= Get Reading festival =

Children's reading event in England

The Get Reading Festival is an annual children's reading event hosted by the London Evening Standard and Nook.

==History==

The festival started in the summer of 2011, and was sparked by Aurella Brzezowska, a seven-year-old girl who had no books at her house. Instead, she was taught to read by a reading volunteer.

The 2011 Get Reading festival raised £1,000,000, which supported four years worth of funding for the charity 'Beanstalk'.

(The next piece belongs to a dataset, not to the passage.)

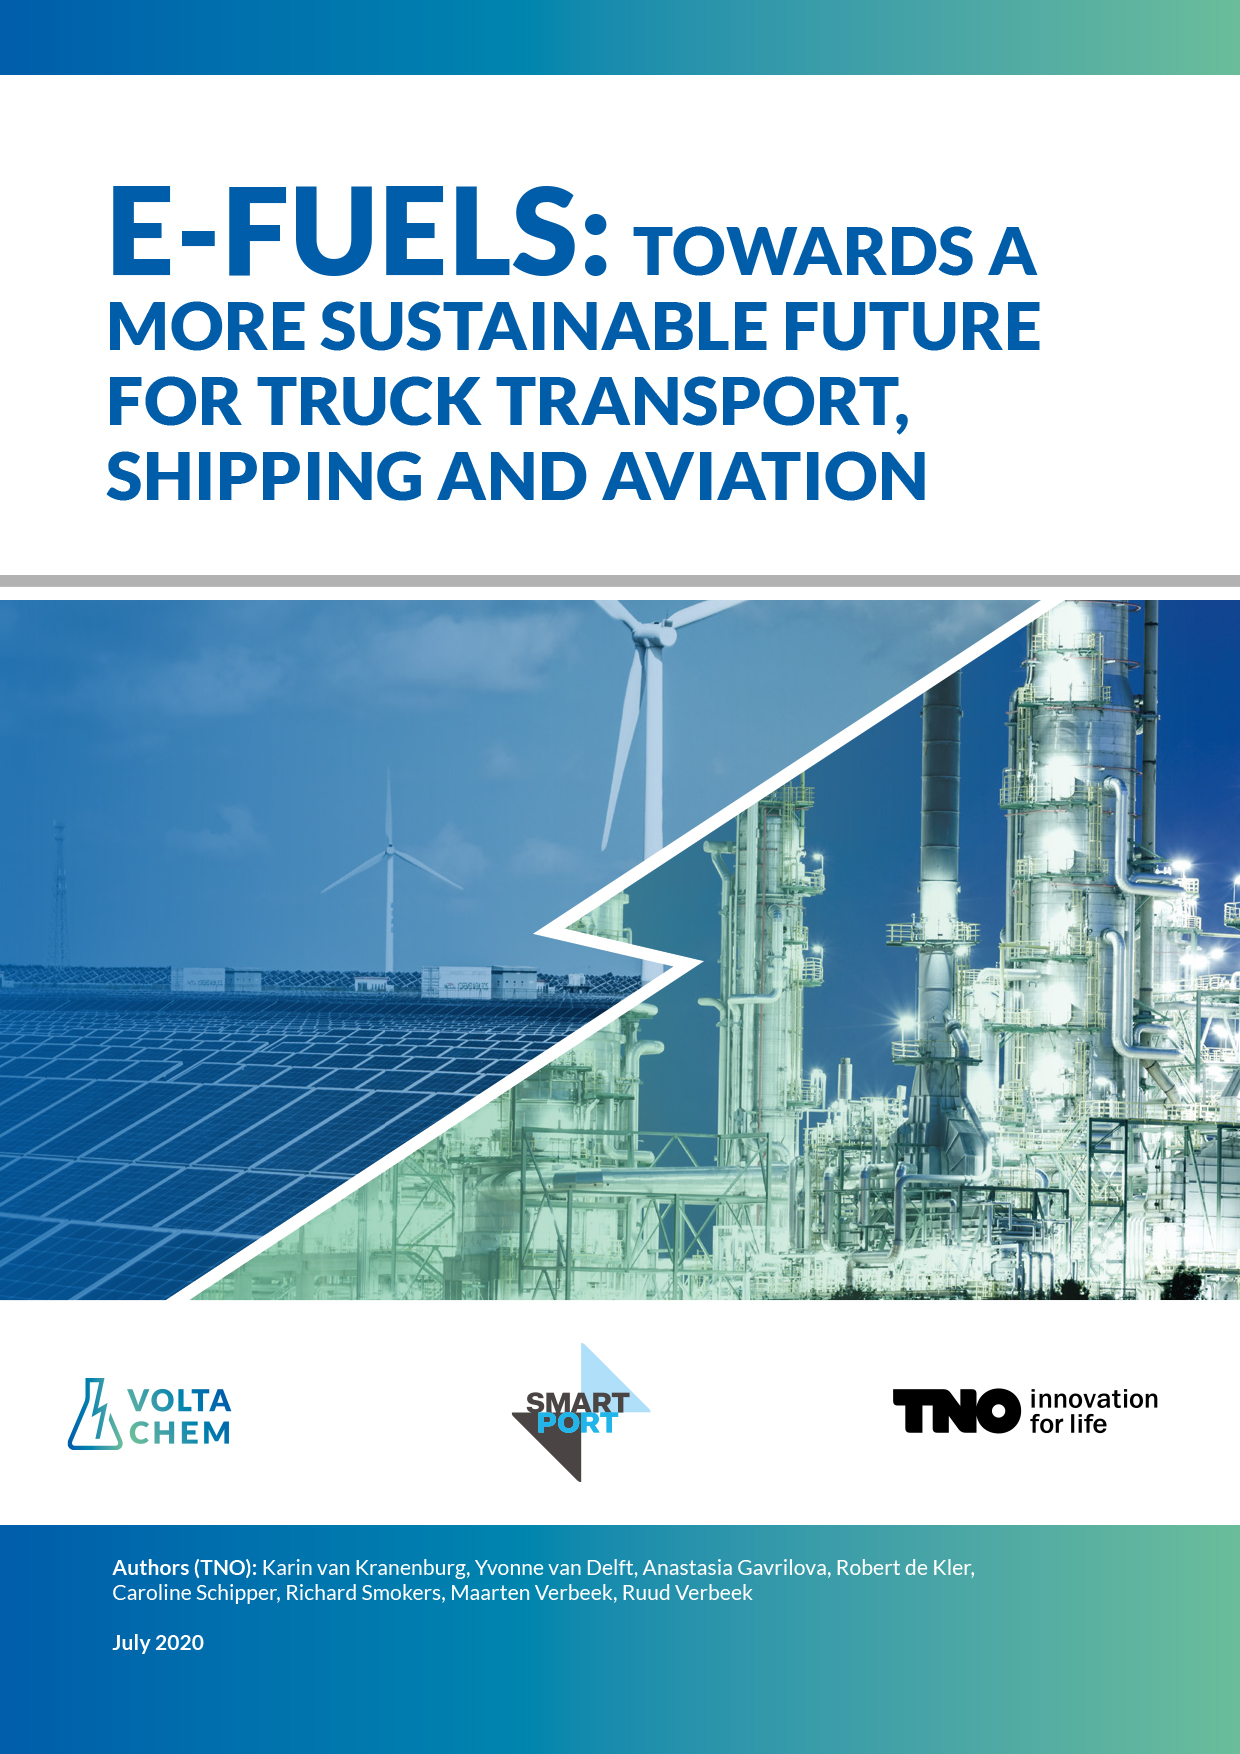 Cover van het whitepaper "E-fuels: towards a more sustainable future for truck transport, shipping and aviation", met zonnepanelen en chemische fabriek als beeld

Before the actual 2013 festival, there were special readings by celebrities around London, such as Harry Enfield, Boris Johnson, and other high-profile figures reading extracts from books such as Harry Potter and the Philosopher's Stone (J.K.Rowling), George's Marvellous Medicine (Roald Dahl), and others.

==2013 festival==
The 2013 event took place on 13 July. There were over 30 readings live at the free event, with some celebrities such as Rupert Everett and Hugh Grant. The event was hosted by the Dick & Dom. The festival was also backed by the Pakistani education activist Malala Yousafzai, the Mayor of London, Boris Johnson, Princess Beatrice, and Stephen Fry.

| Readers |
|---|
| Rupert Everett |
| Hugh Grant |
| Malala Yousafzai |
| Peppa Pig |
| Evgeny Lebedev |
| Barbara Windsor |
| Lily Cole |
| David Harewood |
| Anthony Horowitz |
| Warwick Davis |
| Malorie Blackman |
| Sam West |
| Nicholas Briggs |
| Babette Cole |
| Steve Cole |
| Anne Fine |

===Other events===

In 2013, there was also a performance of Billy Elliot the Musical, Wicked, Matilda the Musical, Horrible Histories performing Barmy Britain, and We're Going on a Bear Hunt.

The National Gallery also brought reproductions of three paintings: Bacchus and Ariadne (Titian), Saint George and the Dragon (Paolo Uccello), and An Experiment on a Bird in the Air Pump (Joseph Wright). A National Gallery spokesman said that they brought the paintings in an attempt to "engage young audiences" and help them "enjoy our collection".